# What you need to do
Copy the data precisely, character for character, and leave out every picture.

# Dataset excerpt

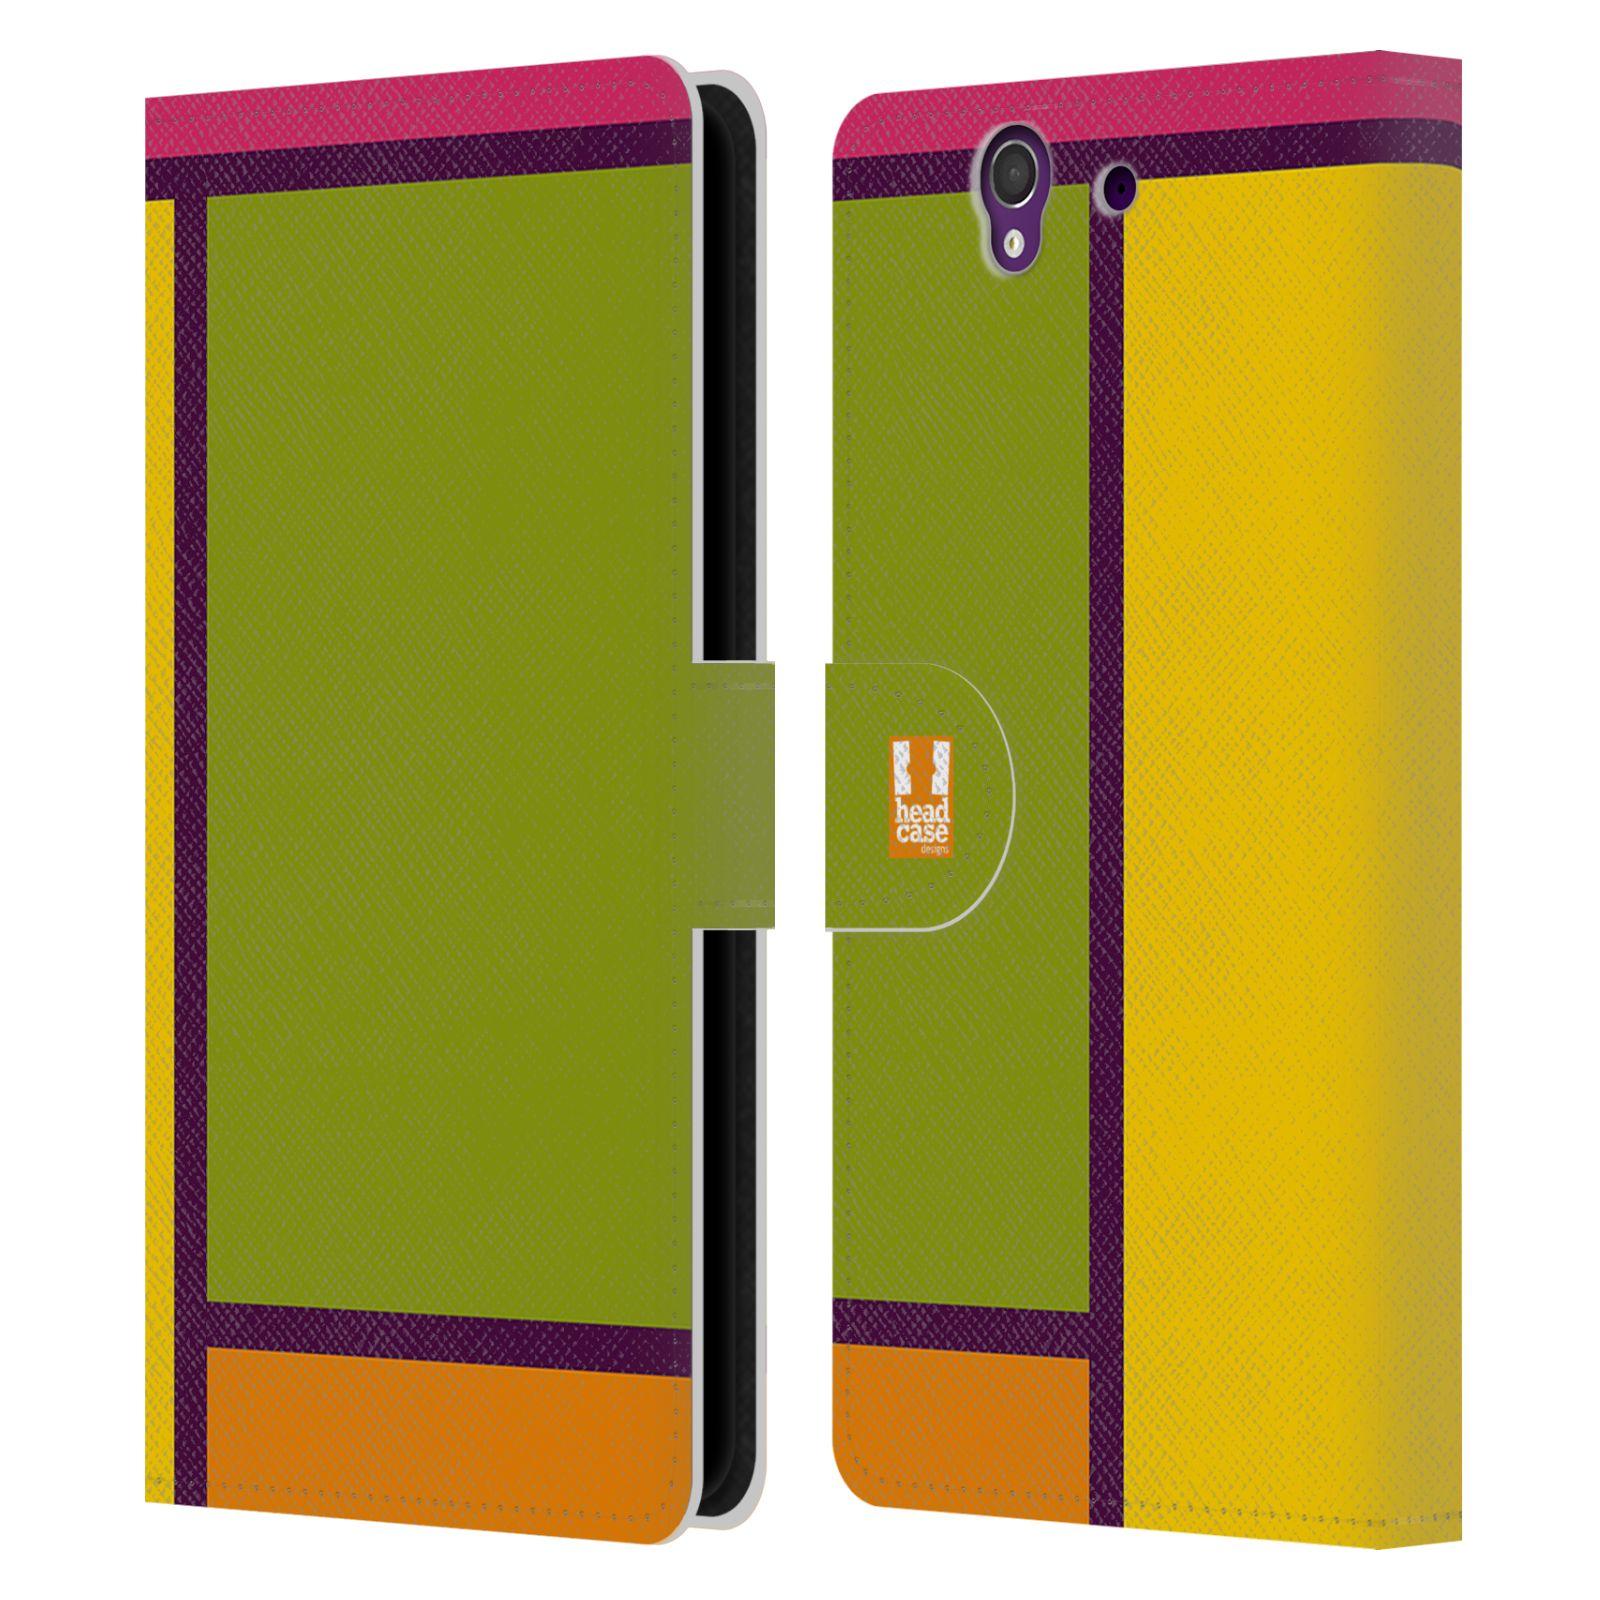 HEAD CASE Flipové pouzdro pro mobil SONY XPERIA Z (C6603) MODERN barevná kostka zelená a žlutá
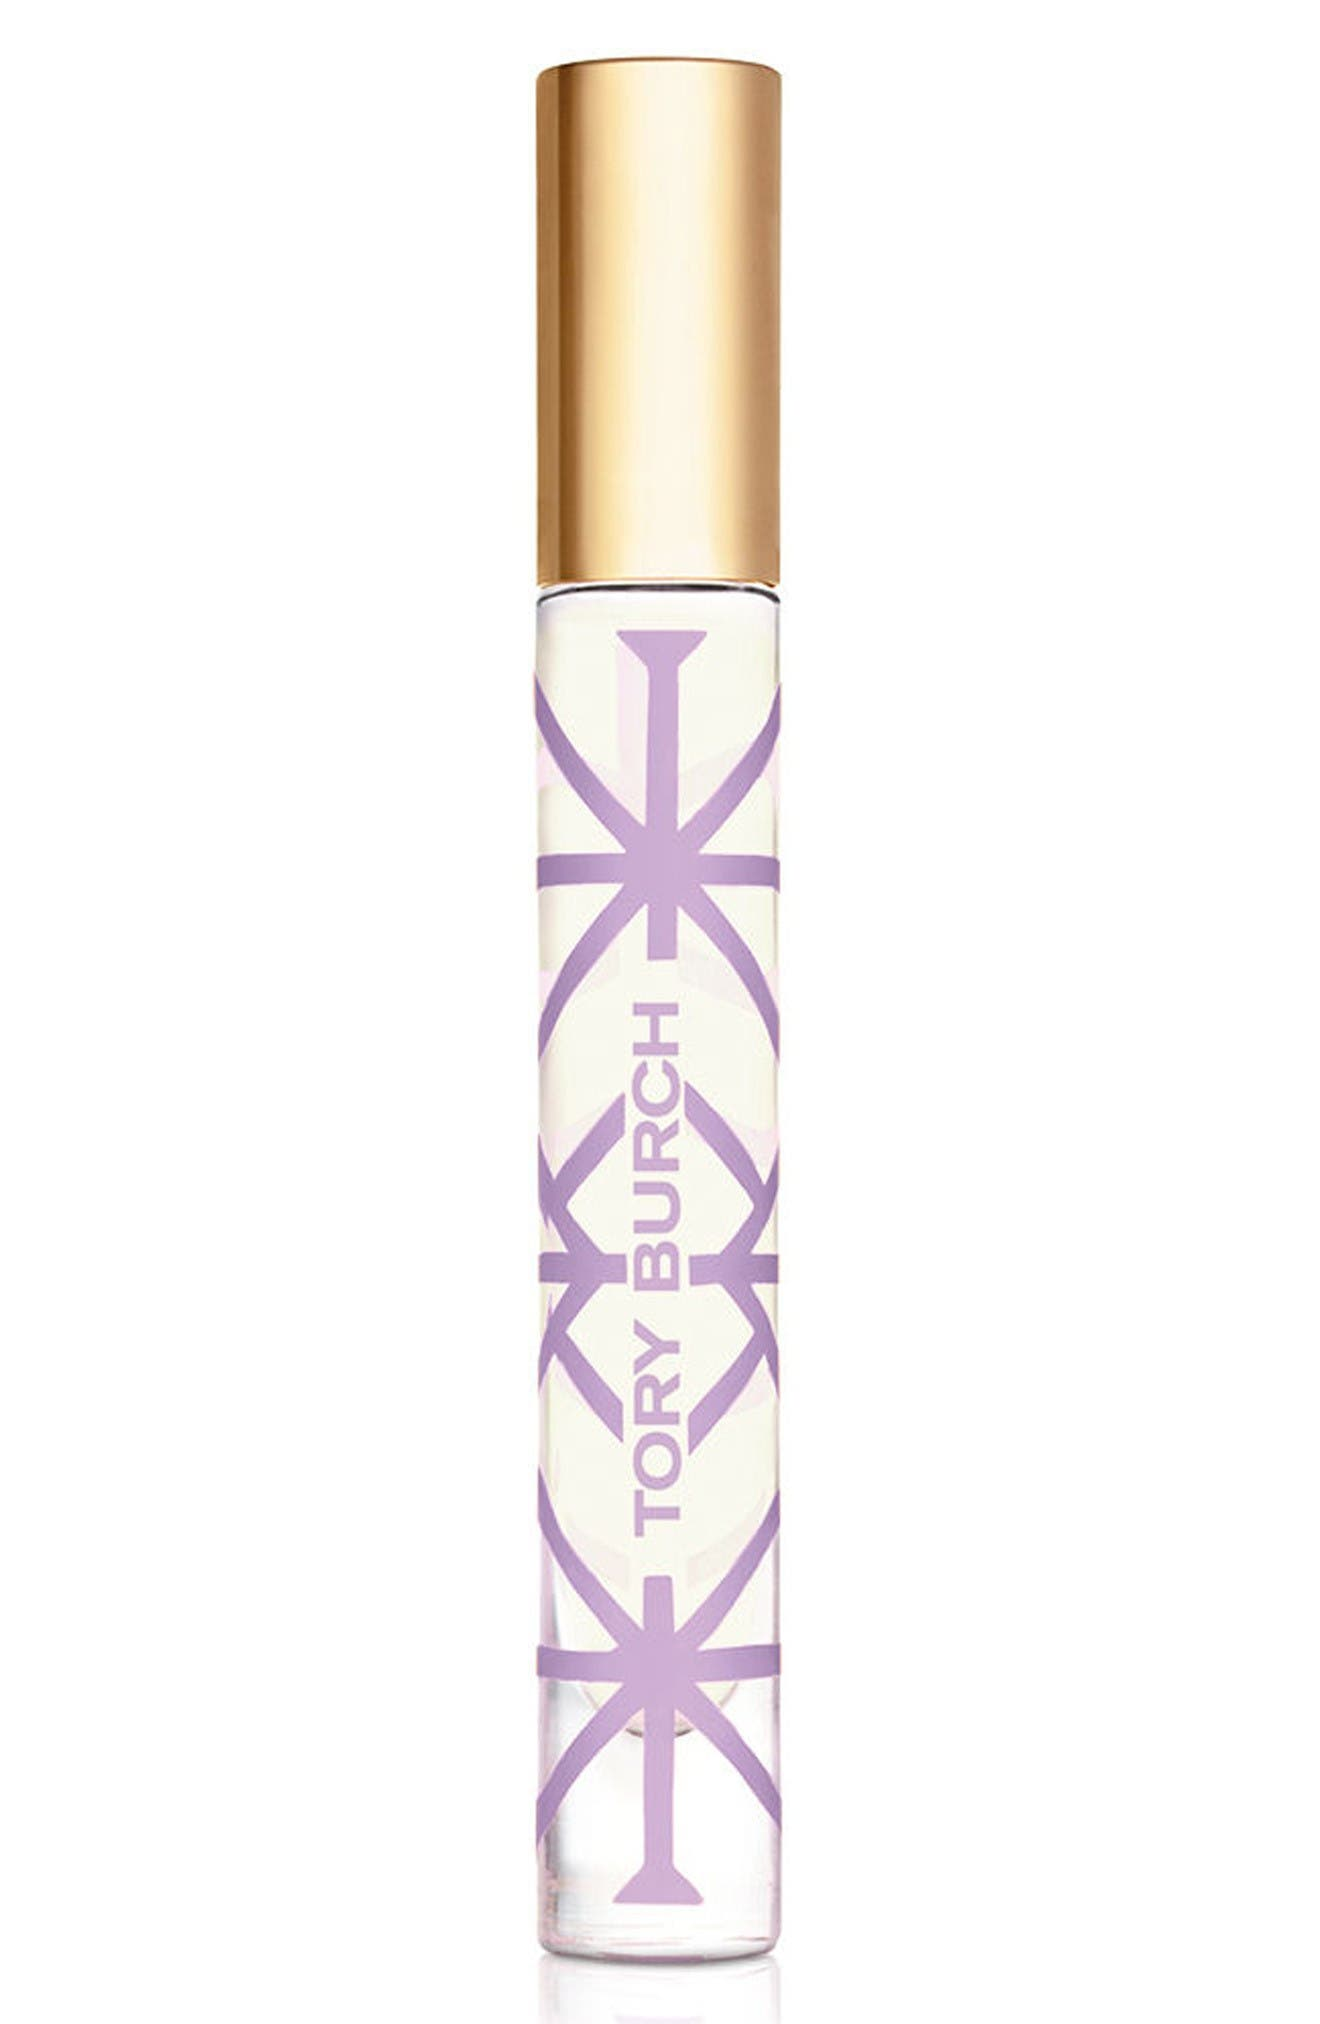 Tory Burch Jolie Fleur Lavande Eau de Parfum Rollerball
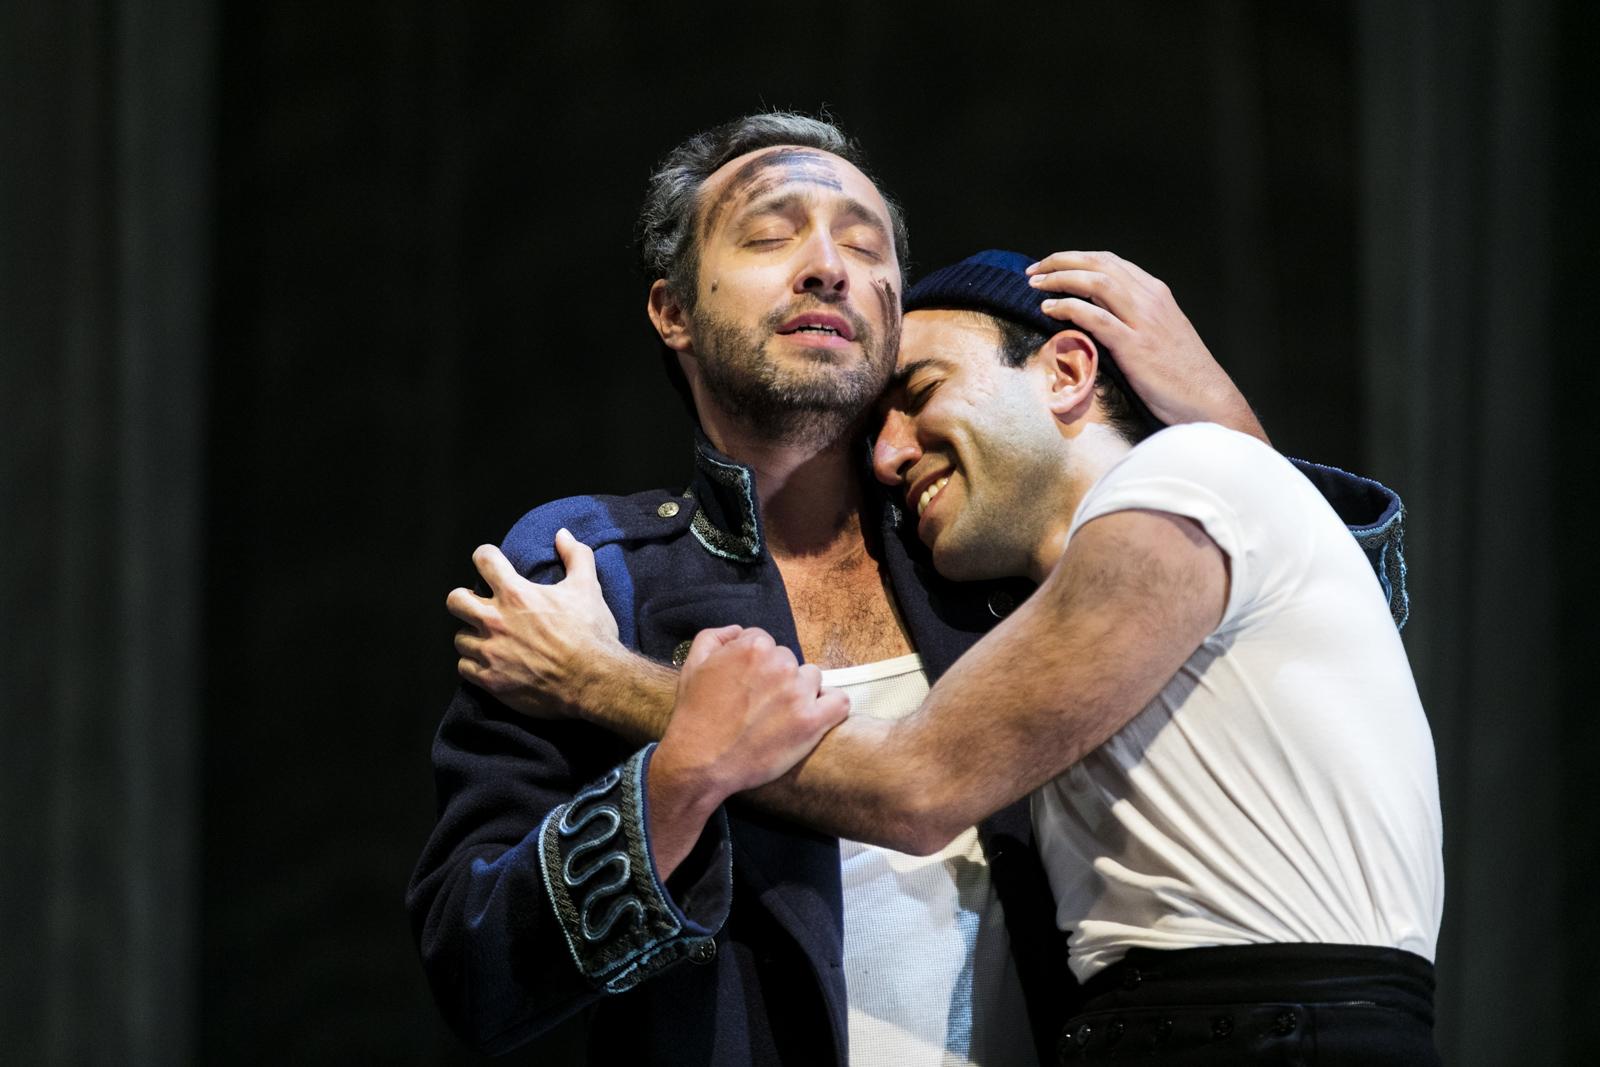 Fernando Guimaraes and Brenton Spiteri

# Output for this task
 HEAD CASE Flipové pouzdro pro mobil SONY XPERIA Z (C6603) MODERN barevná kostka zelená a žlutá
 Tory Burch Jolie Fleur Lavande Eau de Parfum Rollerball
 Fernando Guimaraes and Brenton Spiteri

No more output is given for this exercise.